11:25 And so it's this AI that creates music. It doesn't just create music. It creates different genres of music in the styles of certain artists with lyrics and musical accompaniment.

11:45 It's wild, right? I mean, I had you listen to a couple of the samples and folks out there, you should just go click on the Open AI Jukebox link in the show notes and go to the curated samples and play a couple. How would you classify them, Brian?

12:00 I'd classify them as you can tell their music. None of these I would pick up want to go out, rush out and buy the album right away.

12:09 Yeah, neither would I. I mean, to me, they sound like sort of bad recordings of an artist, you know, maybe taking on like a phone at a live concert where you've kind of got like not a good audio setup.

12:22 There's like a little bit of a, I think I remember this song bit to it, even though there's no way.

12:28 Yeah, but it was created by an AI, which is insane. So one, they've got a country song in the style of Alan Jackson, which is a country singer.

12:38 And you could convince me that that was Alan Jackson singing that song if I didn't know better. I'm like, oh, I've never heard that song and I'm not really super familiar with his music, but I kind of know what the guy sounds like.
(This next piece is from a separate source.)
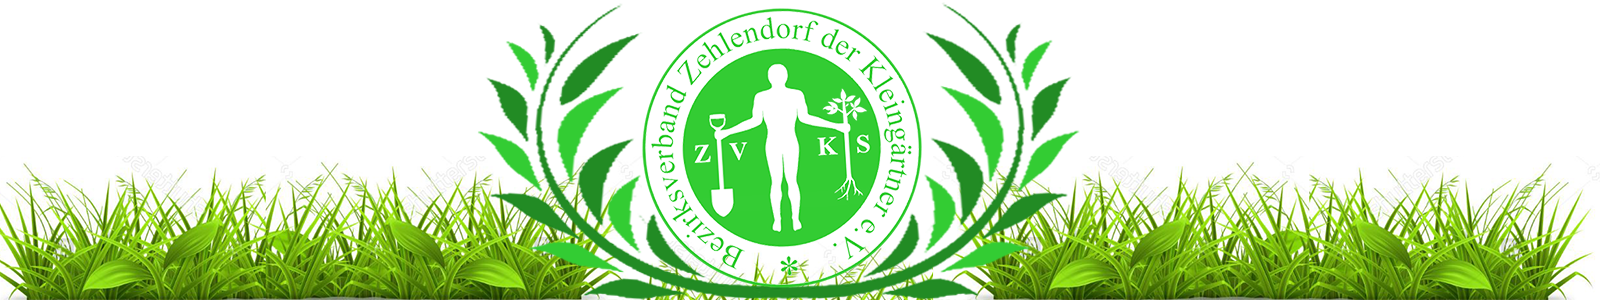 Bezirksverband Zehlendorf der Kleingärtner e.V.

12:47 That's probably one of his songs because it sounds like he's singing it, which is crazy. It's got Elvis Presley. It's got Katy Perry.

12:54 It's got some heavy metal in the style of Rage. I've not actually familiar with him. You got some other crazy stuff like alternative metal in the style of Disturbed or a jazz like Ella Fitzgerald.

13:07 And it's really interesting how accurate these things reproduce what those artists' style of singing is, their voice, what their voice sounds like, the style of music they write.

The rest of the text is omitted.